Your objective: Output word for word the lines from the one with "In de trendy vintage stijl - plafondlamp Box" to the final line of the data, both ends included, but skip the pictures.

Exercise data:
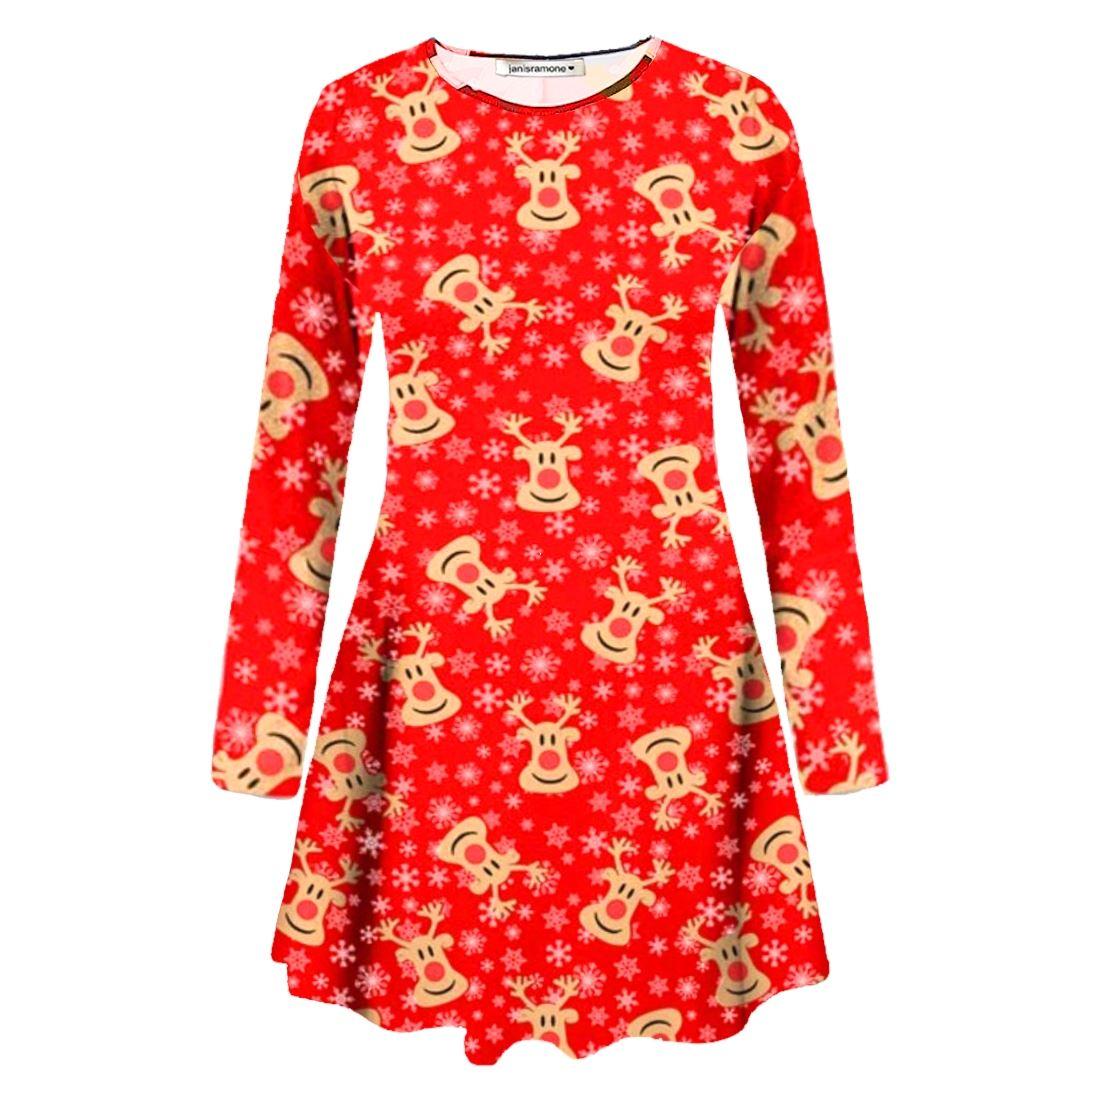 a514aeec98a2 New Women Girls Kids Snowman Reindeer Print Flare Christmas Mini Swing Dress  Top
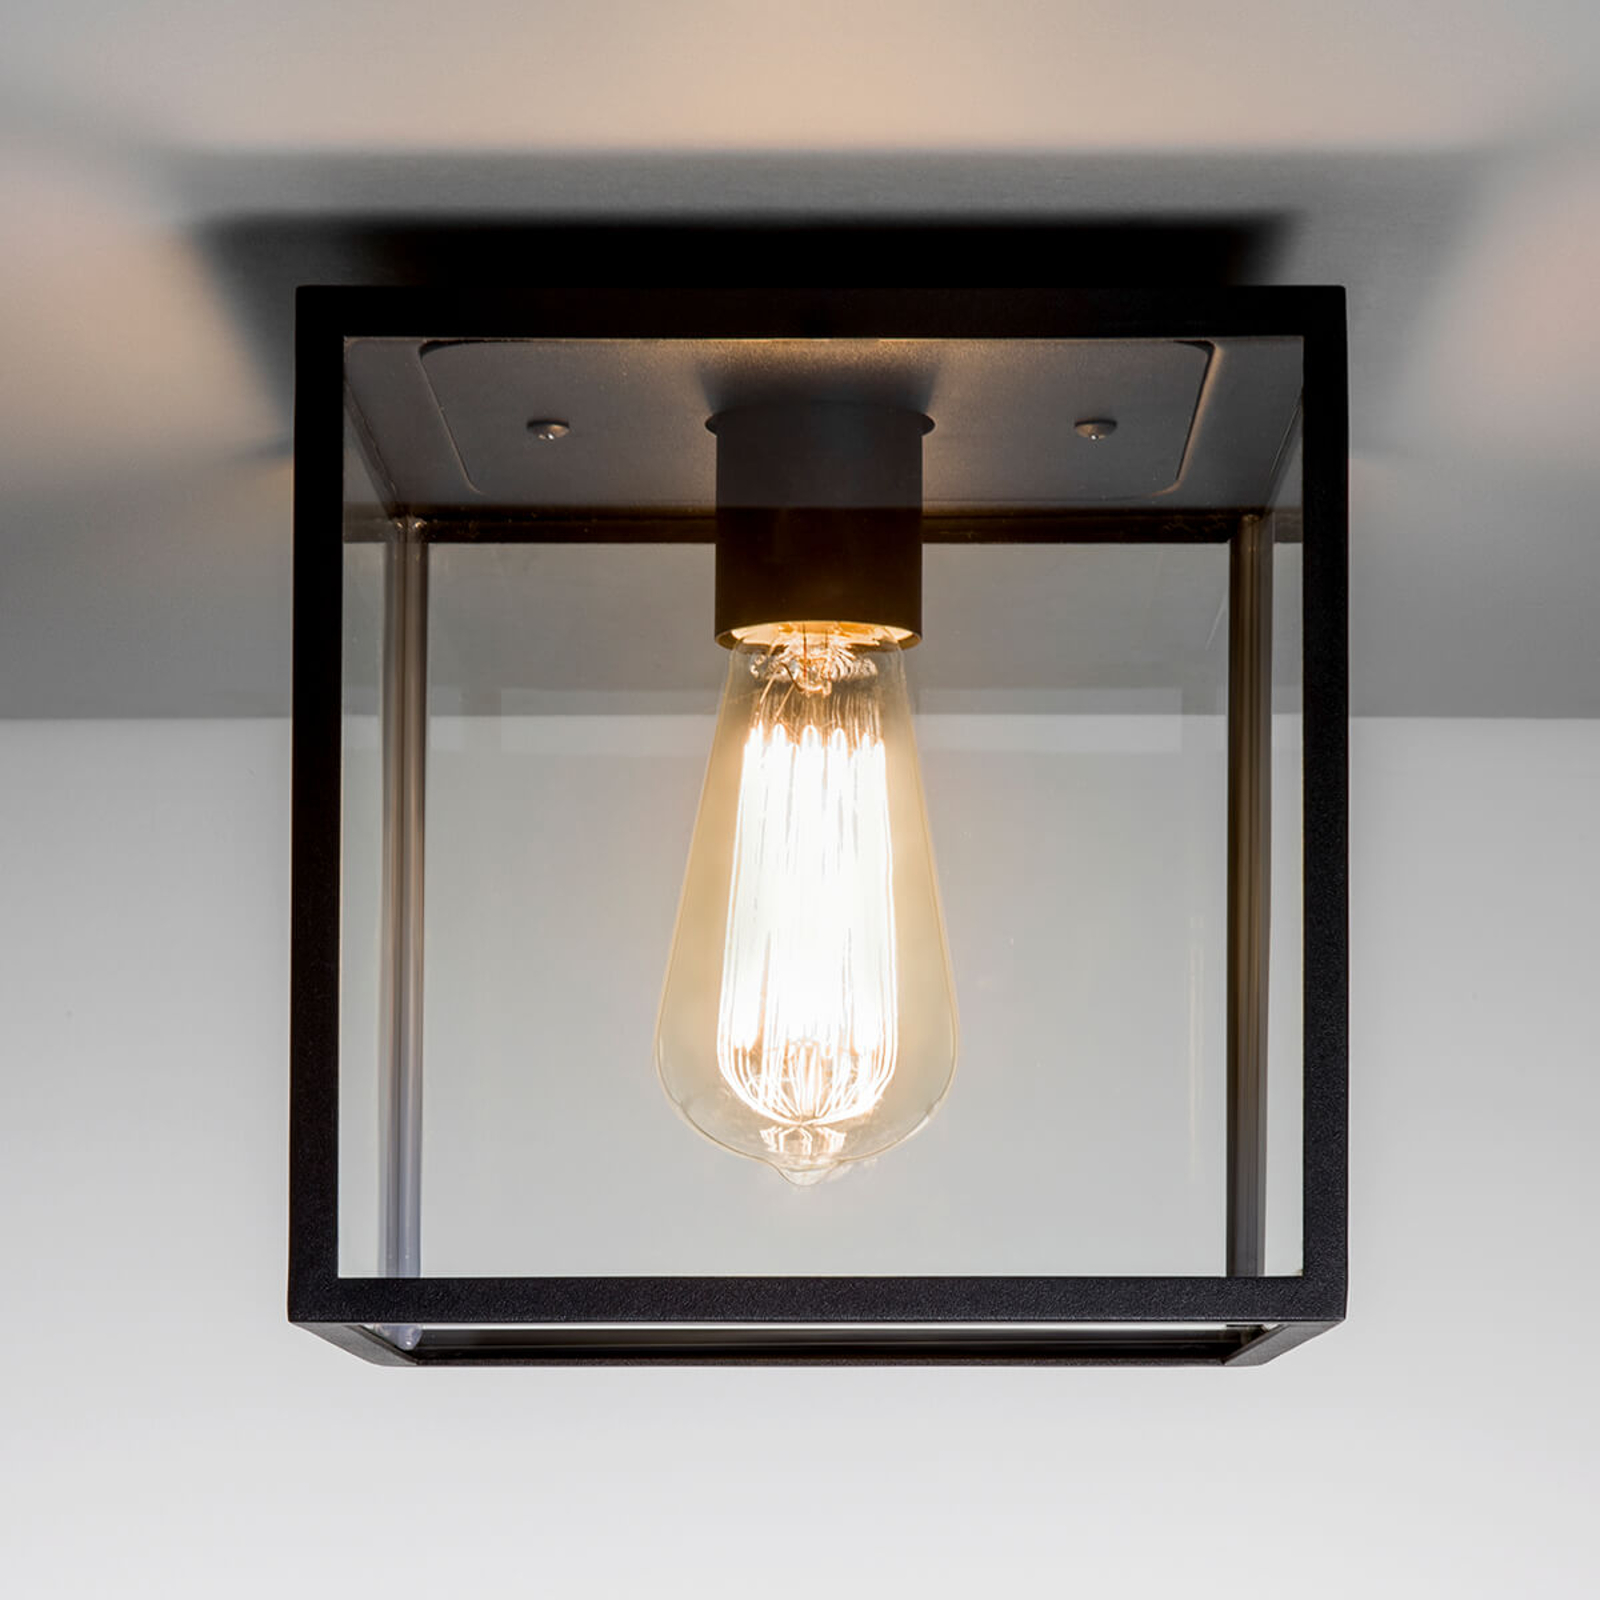 In de trendy vintage stijl - plafondlamp Box
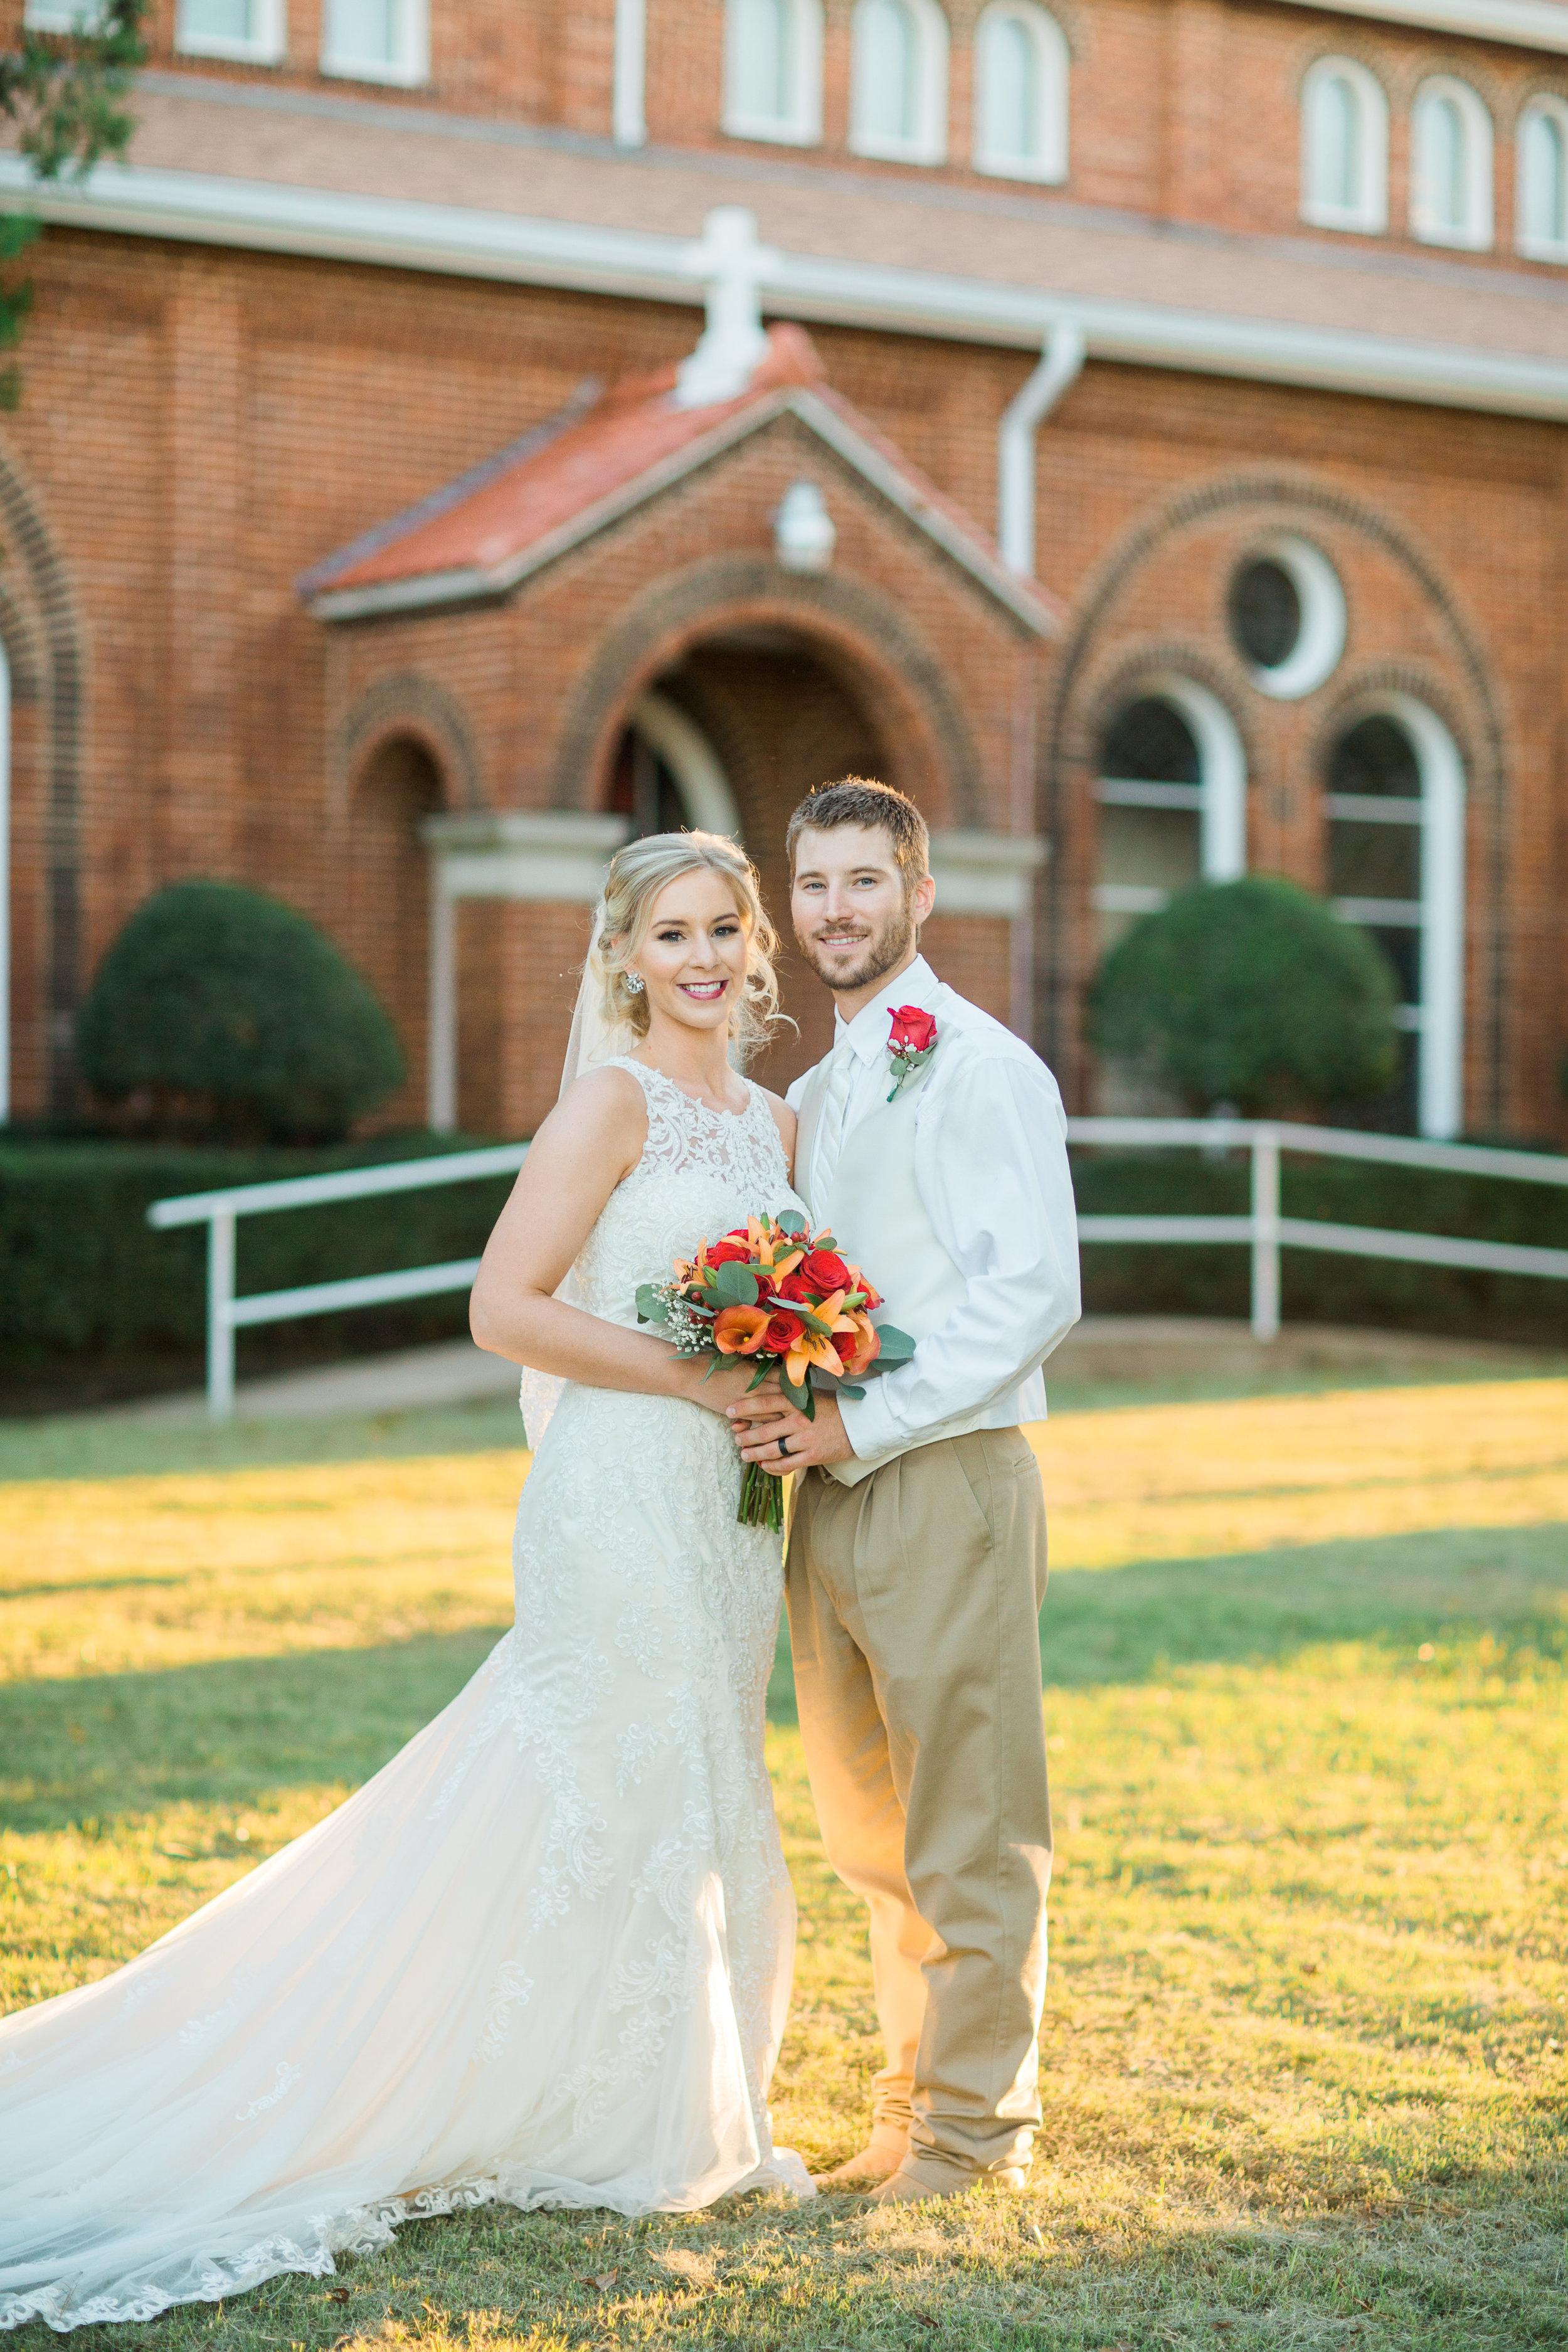 Bailey-Nathan-Windthorst-Texas-Wedding-049.jpg

Solution below:
 In de trendy vintage stijl - plafondlamp Box
 Bailey-Nathan-Windthorst-Texas-Wedding-049.jpg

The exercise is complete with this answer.